This definition requires other axioms of ZF, including most importantly Replacement, but it doesn't require AC, CH or GCH. The sequence $\omega_\lambda$ is strictly increasing. This means if $\beta<\gamma$ (as ordinals) then $\omega_\beta < \omega_\gamma$ (as ordinals.) $\aleph_\lambda$ is defined to be the cardinality class represented by $\omega_\lambda$ (practically $\omega_\lambda = \aleph_\lambda$). If $\beta < \gamma$ (as ordinals) then $\aleph_\beta < \aleph_\gamma$ as cardinals. The sequence of $\aleph$-s is well ordered because the ordinals are.

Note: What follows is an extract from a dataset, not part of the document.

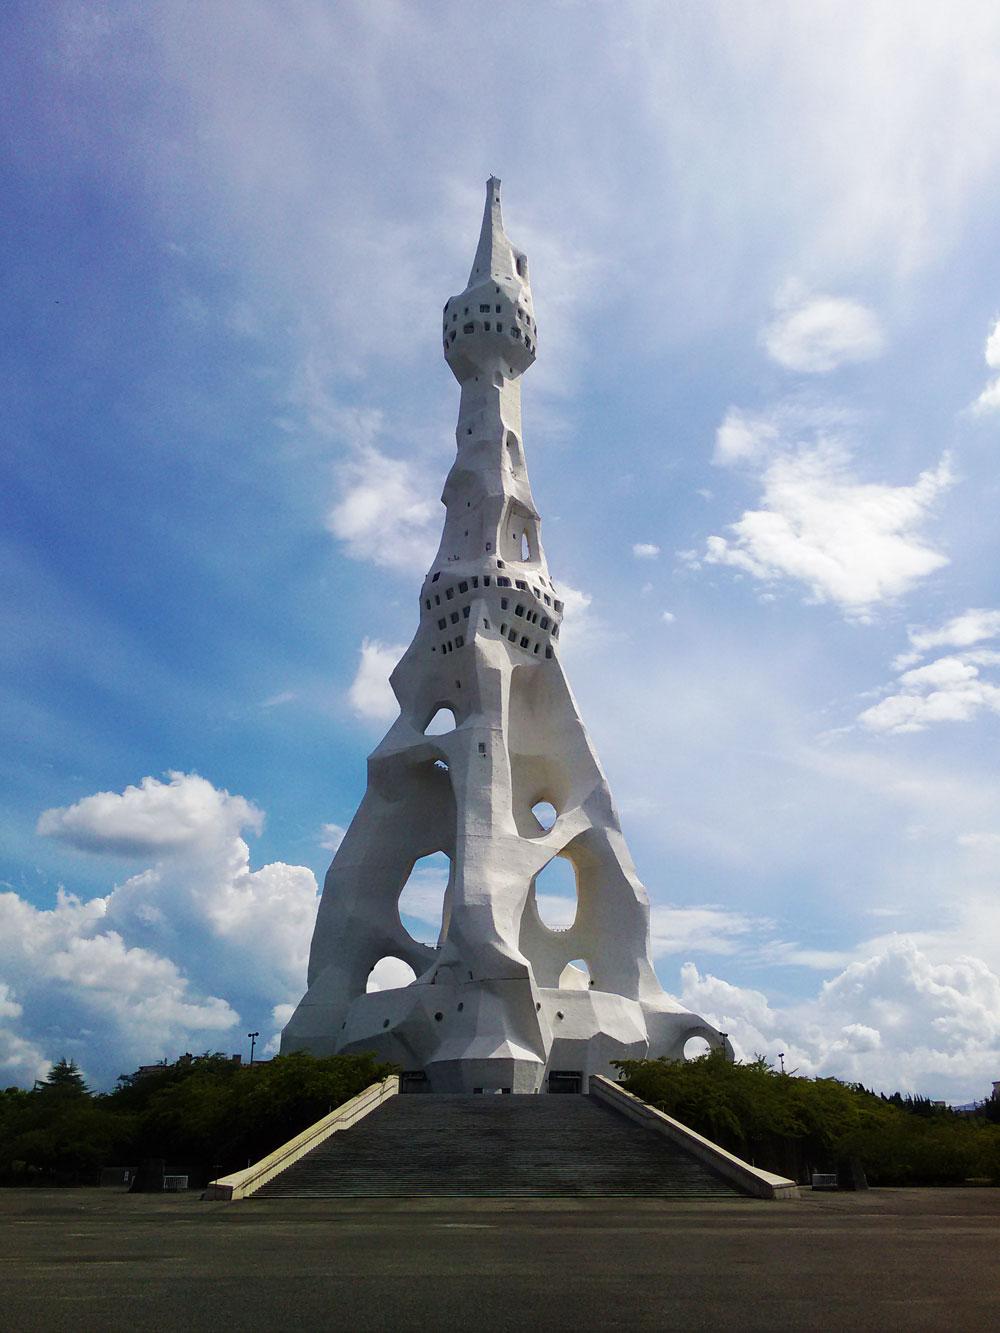 人間はそれぞれ自由に生きていい。PLの大平和祈念塔で自由であることの素晴らしさを感じた。

If $\{\aleph_\beta: \beta \in I\}$ is a non-empty collection of $\aleph$-s indexed by a set of ordinals $I$ then take $\beta_0$ to the smallest ordinal in $I$ (the ordinals are well-ordered) and then $\aleph_{\beta_0}$ is the smallest cardinal in that collection of $\aleph$-s.

Now for $\beth$-s. Again, using transfinite recursion, define for all ordinals $\lambda$

  1. $S_0=\Bbb{N}$
  2. $S_{\lambda+1} = S_\lambda \cup P(S_\lambda)$ where $P$ denotes power set.

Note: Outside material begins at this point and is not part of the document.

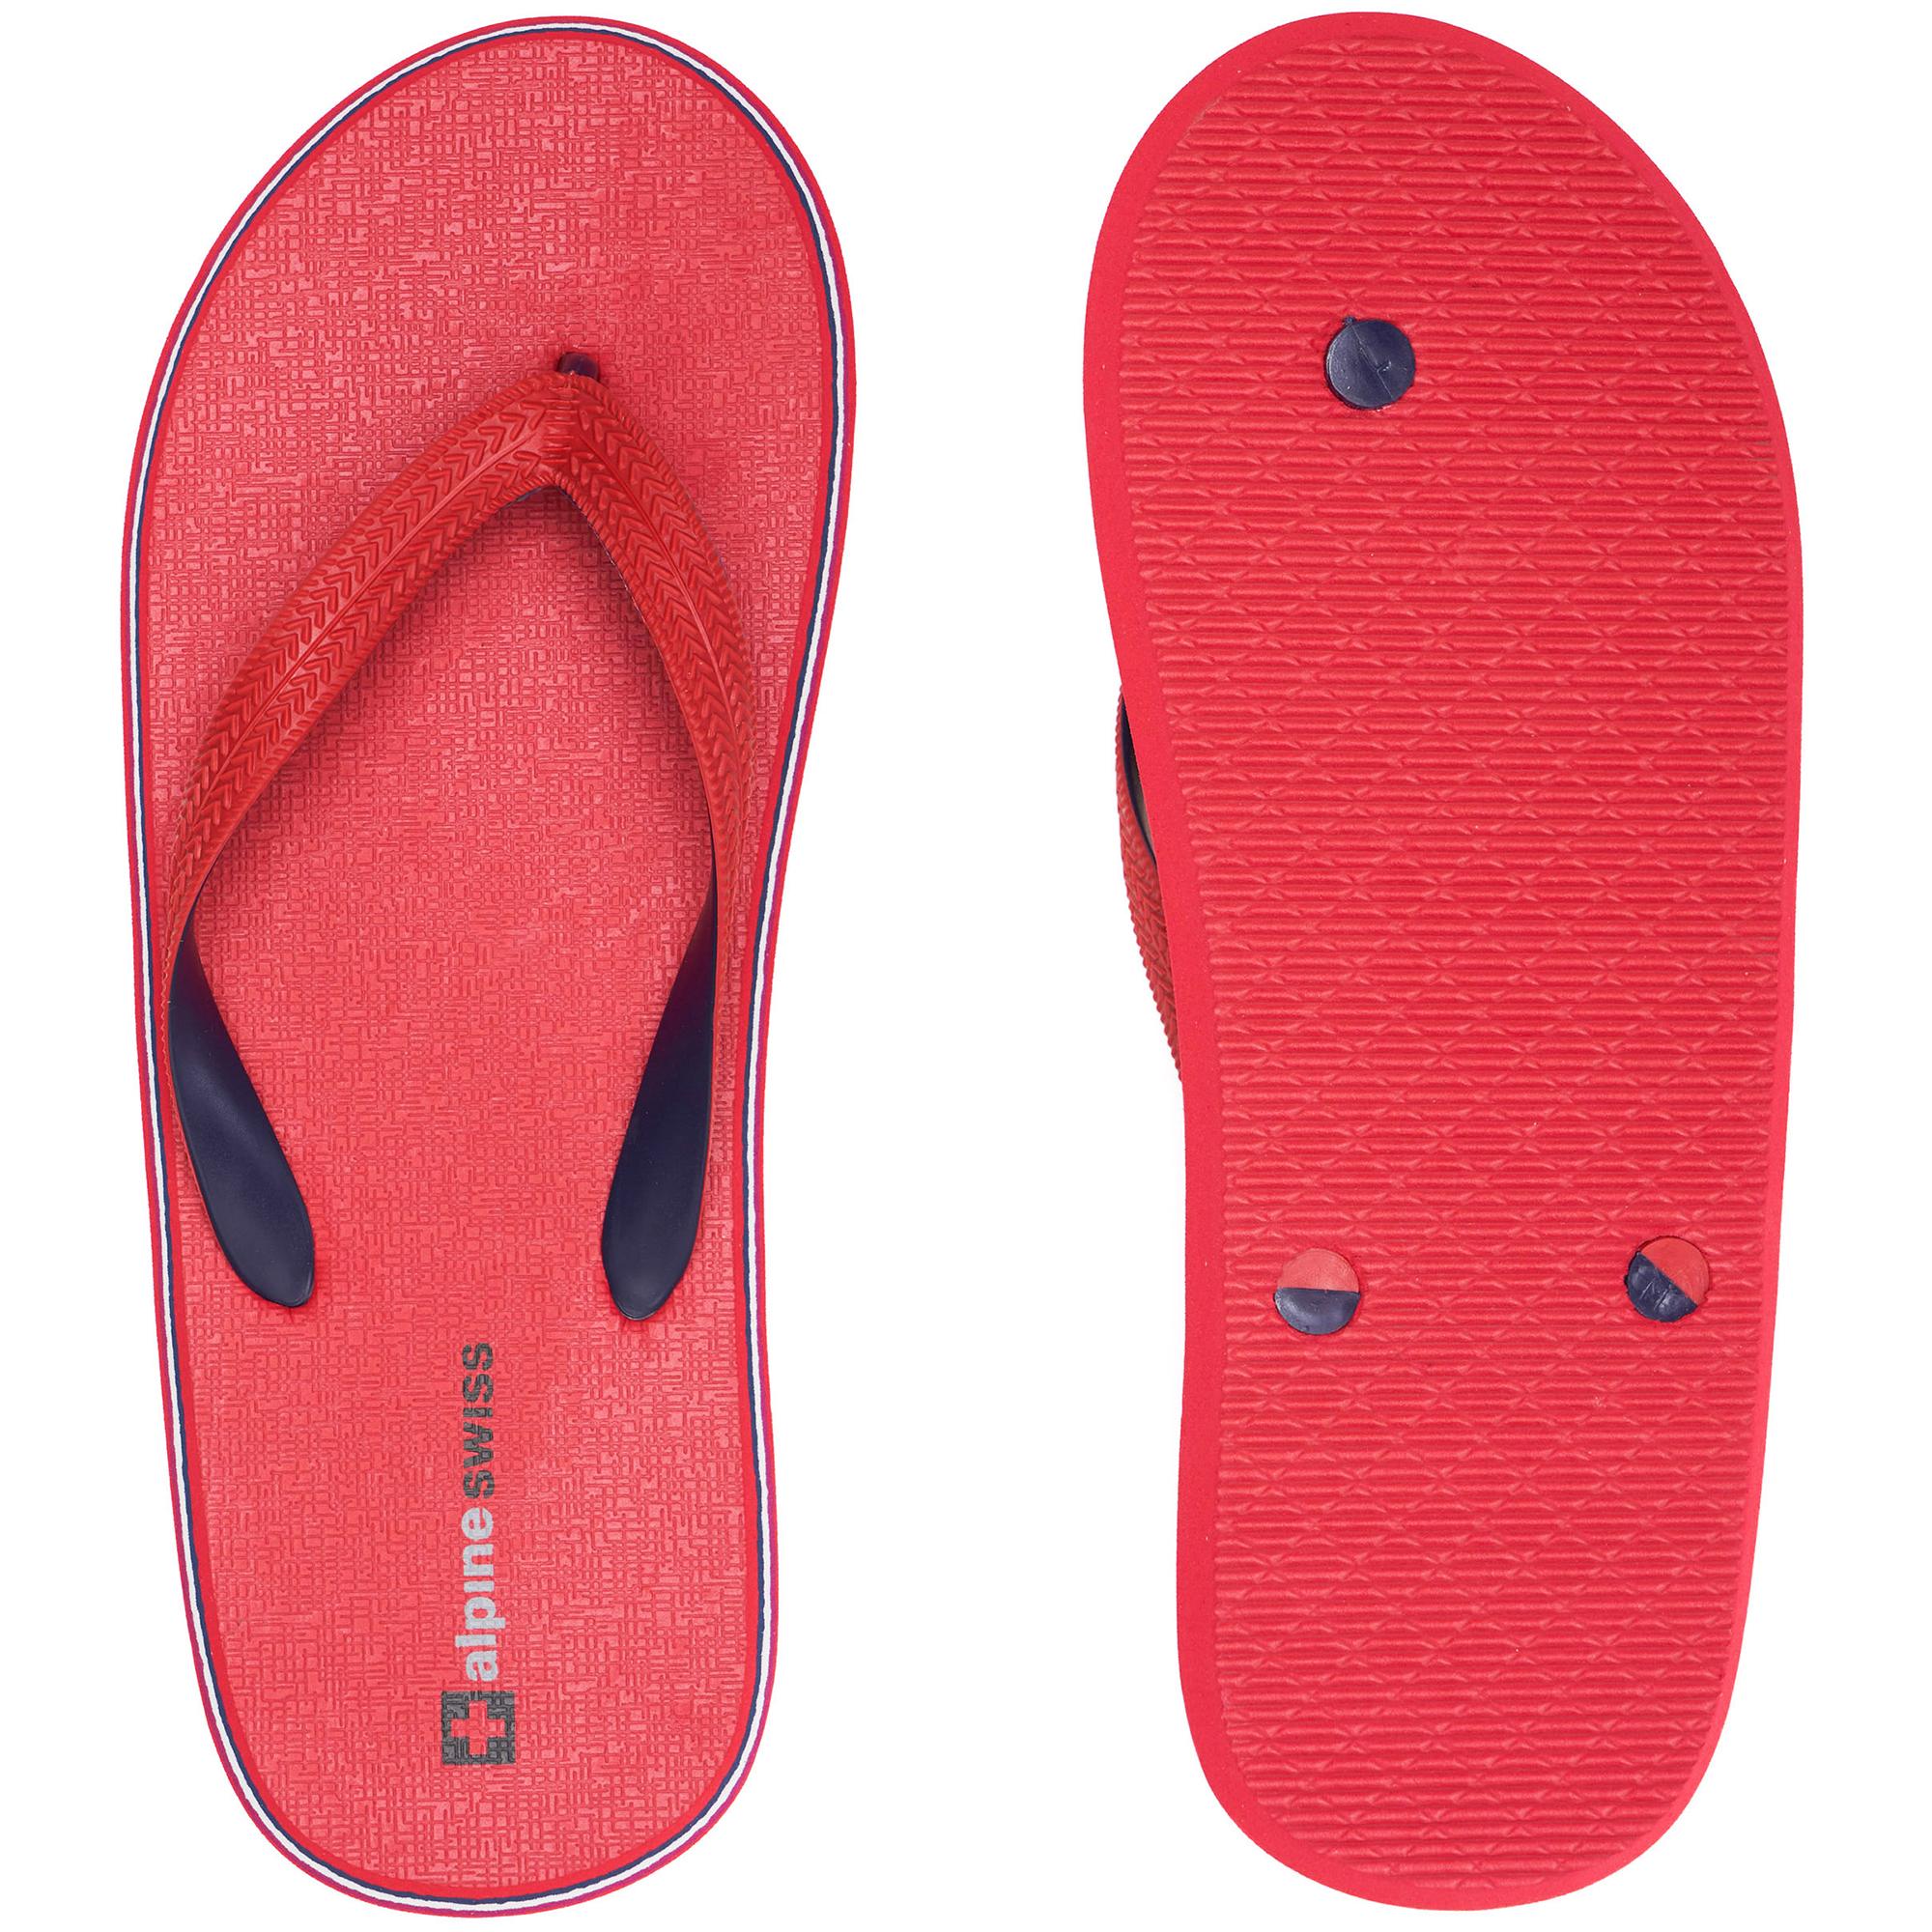 Alpine-Swiss-Mens-Flip-Flops-Beach-Sandals-Lightweight-EVA-Sole-Comfort-Thongs thumbnail 46

  3. $S_\lambda=\bigcup_{\gamma<\lambda} S_\gamma$ when $\lambda$ is a non-zero limit ordinal.

Now define $\beth_\lambda$ to be the cardinality of $S_\lambda$. Notice that $S_\lambda\subset S_{\lambda+1}$ and by Cantor's theorem $\beth_\lambda < \beth_{\lambda+1}$ (as cardinalities.) From this it can be shown that for $\beta < \gamma$ (as ordinals), $\beth_\beta < \beth_\gamma$ as cardinals. Moreover, the $\beth$-s are well-ordered amongst themselves (where the order is cardinality) for the same reason that the $\aleph$-s are - which is that they're an increasing sequence (of cardinals) indexed by ordinals - and ordinals are well-ordered.

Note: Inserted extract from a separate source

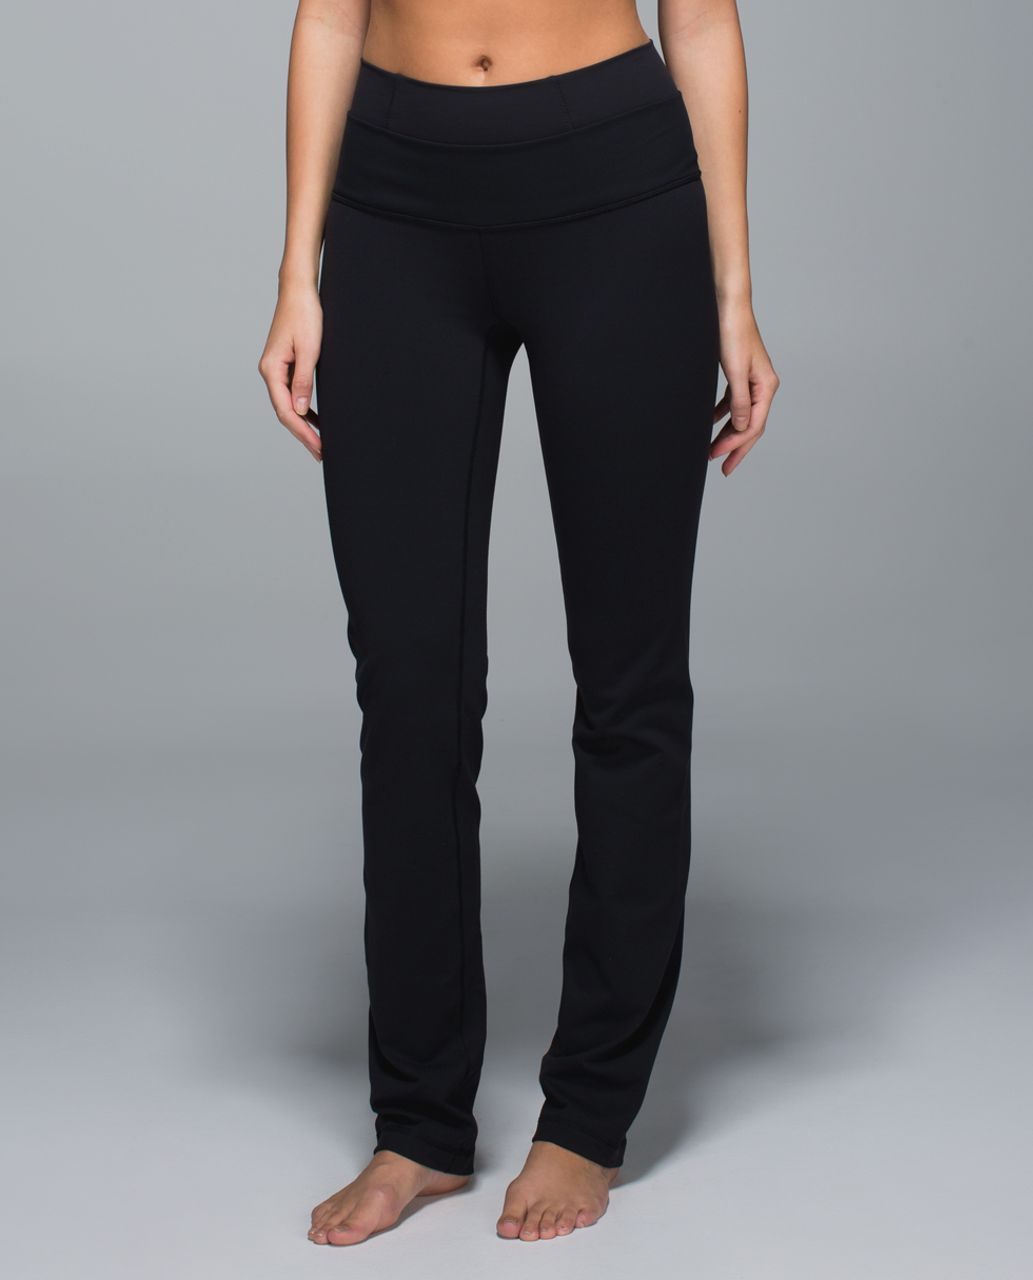 2ad2e8c3c8 Lululemon Straight-Up Pant *Full-On Luon - Black - lulu fanatics

Notice however that the $\beth$-s being well-ordered amongst themselves - should not mislead you into believing they're comparable in any way to the $\aleph$-s. Without AC, it is possible that some, even all $\beth$-s (other than $\beth_0$) represent cardinalities of sets that are not well-orderable. If a $\beth$ is not well-orderable, then it may possibly be bigger than some $\aleph$-s (in cardinality) because it has well-orderable subsets - but it's not equal or smaller than any $\aleph$.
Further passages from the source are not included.